The regime survived that. Barely. You know who bailed them out? Hugo Chavez and Venezuela, starting in the early 2000s, with cheap oil and cash. Cuba swapped one sugar daddy for another and limped along for two more decades.

Now do the math on 2026. Venezuela? Gone — we removed Maduro. Mexico? Cut off by Trump’s tariff threat. Cuba produces about 30,000 barrels of oil per day but burns through 112,000. That’s an 82,000-barrel-per-day hole with nobody left to fill it. In the ’90s, they had time to find a new benefactor. This time? China and Russia have made noise about helping, but neither has shipped a single tanker. Ninety miles from the US Coast Guard tends to focus the mind.

Here’s what Rubio going directly to Castro’s grandson really means. He’s not negotiating with the Cuban government.
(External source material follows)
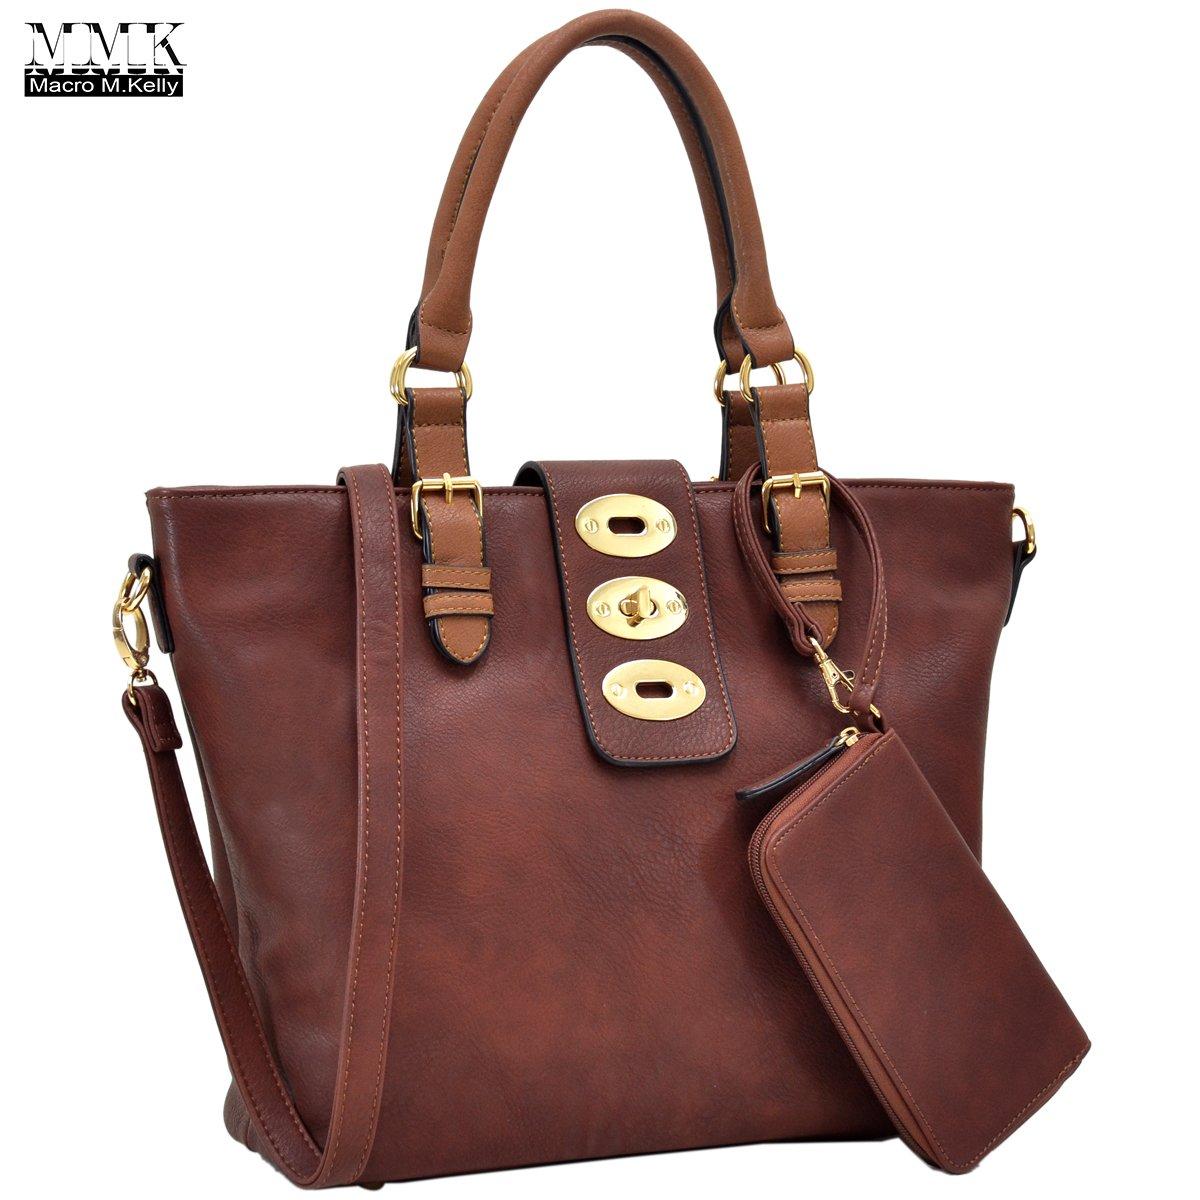 MMK collection Fashion handbag~Classic Tote bag~Holiday gift purse with Wallet~Beautiful Handbag wallet set~Crossbody handbag (MA-07-6717-CF/CF) by Marco M. Kelly (Image #1)

He’s negotiating with the Cuban family. Washington has already written off Diaz-Canel and the “official” communist party apparatus — they consider it dead on its feet. The message to the 41-year-old grandson is pretty clear: “You can be the guy who transitions Cuba into the modern world, or you can be the guy holding the bag when the generators run out of diesel for good.”

The smart money says some version of a deal gets done. The Castro inner circle gets security guarantees and quietly keeps some money. Diaz-Canel gets a nice letter thanking him for his “service” and a one-way ticket to irrelevance. (“Congratulations, Miguel! You’ve been promoted to Former President. Your new office has a lovely view of nothing.”) Cuba opens up. And the last Soviet-era communist outpost in the Western Hemisphere — 90 miles from Key West — stops being a welcome mat for Chinese and Russian intelligence operations in our backyard.

Mark my words: before this year is out, Marco Rubio — the son of Cuban immigrants who fled communist oppression — will have personally negotiated the end of the regime his parents escaped. If that doesn’t make you proud to be an American, check your pulse. And if you’re a communist reading this from your “worker’s paradise” with no electricity? Bang your pot a little louder. Help is on the way.